In the material below, the required lines run from the one containing "Slip-Kleid Mit Wasserfallausschnitt" through the one containing "Reusable Kitchen Sponges". Copy those lines exactly, ends included, and nothing else.

================

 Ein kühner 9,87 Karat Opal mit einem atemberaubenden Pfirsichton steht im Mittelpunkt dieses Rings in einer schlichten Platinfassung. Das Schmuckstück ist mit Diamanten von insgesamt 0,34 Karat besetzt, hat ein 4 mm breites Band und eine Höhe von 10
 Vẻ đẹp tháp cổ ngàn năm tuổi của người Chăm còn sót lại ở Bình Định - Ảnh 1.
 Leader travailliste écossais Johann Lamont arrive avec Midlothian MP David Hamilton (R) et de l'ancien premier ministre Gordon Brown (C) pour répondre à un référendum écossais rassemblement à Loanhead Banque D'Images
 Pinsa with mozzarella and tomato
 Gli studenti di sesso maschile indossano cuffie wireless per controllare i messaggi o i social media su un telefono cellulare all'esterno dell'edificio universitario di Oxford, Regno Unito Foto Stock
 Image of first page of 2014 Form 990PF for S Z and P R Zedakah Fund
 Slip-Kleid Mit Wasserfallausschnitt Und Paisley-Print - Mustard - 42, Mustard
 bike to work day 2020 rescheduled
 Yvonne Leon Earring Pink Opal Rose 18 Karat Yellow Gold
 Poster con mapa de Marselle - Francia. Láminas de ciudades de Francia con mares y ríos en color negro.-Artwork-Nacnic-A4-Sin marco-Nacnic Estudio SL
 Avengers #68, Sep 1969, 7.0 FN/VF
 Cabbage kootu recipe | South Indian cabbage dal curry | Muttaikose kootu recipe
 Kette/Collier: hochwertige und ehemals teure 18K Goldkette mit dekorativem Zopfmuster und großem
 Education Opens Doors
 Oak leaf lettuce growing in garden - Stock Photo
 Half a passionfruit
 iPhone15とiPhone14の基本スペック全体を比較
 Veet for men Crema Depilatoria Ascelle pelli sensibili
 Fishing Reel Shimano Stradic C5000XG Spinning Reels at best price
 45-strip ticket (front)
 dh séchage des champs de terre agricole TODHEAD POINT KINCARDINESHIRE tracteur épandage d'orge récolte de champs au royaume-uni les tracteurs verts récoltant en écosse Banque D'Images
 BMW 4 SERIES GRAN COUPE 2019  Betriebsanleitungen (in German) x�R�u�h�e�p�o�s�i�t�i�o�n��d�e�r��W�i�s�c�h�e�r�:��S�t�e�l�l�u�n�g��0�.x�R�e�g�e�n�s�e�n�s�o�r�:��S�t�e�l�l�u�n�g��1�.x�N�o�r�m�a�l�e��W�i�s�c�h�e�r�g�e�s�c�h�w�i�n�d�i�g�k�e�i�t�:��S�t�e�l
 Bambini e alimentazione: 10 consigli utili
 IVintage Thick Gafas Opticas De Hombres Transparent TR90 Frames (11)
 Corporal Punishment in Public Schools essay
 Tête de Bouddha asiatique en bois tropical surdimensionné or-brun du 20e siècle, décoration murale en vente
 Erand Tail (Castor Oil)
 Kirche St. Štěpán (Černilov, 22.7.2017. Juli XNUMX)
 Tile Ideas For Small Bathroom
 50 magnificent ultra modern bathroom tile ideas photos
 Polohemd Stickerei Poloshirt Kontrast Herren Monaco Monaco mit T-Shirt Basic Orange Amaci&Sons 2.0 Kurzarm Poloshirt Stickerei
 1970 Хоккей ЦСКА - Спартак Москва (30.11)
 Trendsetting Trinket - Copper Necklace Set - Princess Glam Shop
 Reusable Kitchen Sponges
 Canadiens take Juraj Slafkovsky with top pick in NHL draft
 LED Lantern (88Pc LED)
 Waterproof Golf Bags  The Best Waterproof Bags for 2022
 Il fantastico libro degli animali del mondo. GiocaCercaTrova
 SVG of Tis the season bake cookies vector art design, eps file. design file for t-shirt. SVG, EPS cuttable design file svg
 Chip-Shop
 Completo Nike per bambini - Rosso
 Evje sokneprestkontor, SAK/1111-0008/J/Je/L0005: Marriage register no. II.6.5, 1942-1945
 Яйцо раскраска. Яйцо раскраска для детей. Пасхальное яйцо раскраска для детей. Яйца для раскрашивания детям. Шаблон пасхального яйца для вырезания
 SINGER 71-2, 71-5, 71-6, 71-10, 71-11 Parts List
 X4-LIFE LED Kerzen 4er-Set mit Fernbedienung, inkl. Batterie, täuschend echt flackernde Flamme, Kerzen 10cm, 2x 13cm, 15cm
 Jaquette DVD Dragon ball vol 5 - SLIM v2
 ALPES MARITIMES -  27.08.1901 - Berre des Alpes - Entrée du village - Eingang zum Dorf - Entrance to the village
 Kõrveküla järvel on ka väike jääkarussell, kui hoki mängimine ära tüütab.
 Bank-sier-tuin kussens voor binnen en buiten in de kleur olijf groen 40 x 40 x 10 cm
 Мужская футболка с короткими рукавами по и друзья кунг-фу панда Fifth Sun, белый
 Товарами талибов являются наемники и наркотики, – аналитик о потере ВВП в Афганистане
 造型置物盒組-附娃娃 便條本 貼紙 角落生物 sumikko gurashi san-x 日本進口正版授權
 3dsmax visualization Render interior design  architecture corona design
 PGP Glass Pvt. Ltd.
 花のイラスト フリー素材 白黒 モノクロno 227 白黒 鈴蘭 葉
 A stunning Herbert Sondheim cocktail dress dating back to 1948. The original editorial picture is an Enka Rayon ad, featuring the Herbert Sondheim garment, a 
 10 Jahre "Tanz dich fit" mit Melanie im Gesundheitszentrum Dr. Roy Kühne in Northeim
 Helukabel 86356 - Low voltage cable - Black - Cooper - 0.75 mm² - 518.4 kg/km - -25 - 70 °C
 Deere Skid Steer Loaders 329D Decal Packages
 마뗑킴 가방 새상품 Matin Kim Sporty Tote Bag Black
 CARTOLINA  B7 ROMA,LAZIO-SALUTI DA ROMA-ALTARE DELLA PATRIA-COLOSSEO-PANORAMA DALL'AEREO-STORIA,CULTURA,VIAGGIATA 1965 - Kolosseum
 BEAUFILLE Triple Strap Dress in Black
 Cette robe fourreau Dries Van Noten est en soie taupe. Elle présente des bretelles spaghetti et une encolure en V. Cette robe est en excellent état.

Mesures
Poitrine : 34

================

**Response**
 Slip-Kleid Mit Wasserfallausschnitt Und Paisley-Print - Mustard - 42, Mustard
 bike to work day 2020 rescheduled
 Yvonne Leon Earring Pink Opal Rose 18 Karat Yellow Gold
 Poster con mapa de Marselle - Francia. Láminas de ciudades de Francia con mares y ríos en color negro.-Artwork-Nacnic-A4-Sin marco-Nacnic Estudio SL
 Avengers #68, Sep 1969, 7.0 FN/VF
 Cabbage kootu recipe | South Indian cabbage dal curry | Muttaikose kootu recipe
 Kette/Collier: hochwertige und ehemals teure 18K Goldkette mit dekorativem Zopfmuster und großem
 Education Opens Doors
 Oak leaf lettuce growing in garden - Stock Photo
 Half a passionfruit
 iPhone15とiPhone14の基本スペック全体を比較
 Veet for men Crema Depilatoria Ascelle pelli sensibili
 Fishing Reel Shimano Stradic C5000XG Spinning Reels at best price
 45-strip ticket (front)
 dh séchage des champs de terre agricole TODHEAD POINT KINCARDINESHIRE tracteur épandage d'orge récolte de champs au royaume-uni les tracteurs verts récoltant en écosse Banque D'Images
 BMW 4 SERIES GRAN COUPE 2019  Betriebsanleitungen (in German) x�R�u�h�e�p�o�s�i�t�i�o�n��d�e�r��W�i�s�c�h�e�r�:��S�t�e�l�l�u�n�g��0�.x�R�e�g�e�n�s�e�n�s�o�r�:��S�t�e�l�l�u�n�g��1�.x�N�o�r�m�a�l�e��W�i�s�c�h�e�r�g�e�s�c�h�w�i�n�d�i�g�k�e�i�t�:��S�t�e�l
 Bambini e alimentazione: 10 consigli utili
 IVintage Thick Gafas Opticas De Hombres Transparent TR90 Frames (11)
 Corporal Punishment in Public Schools essay
 Tête de Bouddha asiatique en bois tropical surdimensionné or-brun du 20e siècle, décoration murale en vente
 Erand Tail (Castor Oil)
 Kirche St. Štěpán (Černilov, 22.7.2017. Juli XNUMX)
 Tile Ideas For Small Bathroom
 50 magnificent ultra modern bathroom tile ideas photos
 Polohemd Stickerei Poloshirt Kontrast Herren Monaco Monaco mit T-Shirt Basic Orange Amaci&Sons 2.0 Kurzarm Poloshirt Stickerei
 1970 Хоккей ЦСКА - Спартак Москва (30.11)
 Trendsetting Trinket - Copper Necklace Set - Princess Glam Shop
 Reusable Kitchen Sponges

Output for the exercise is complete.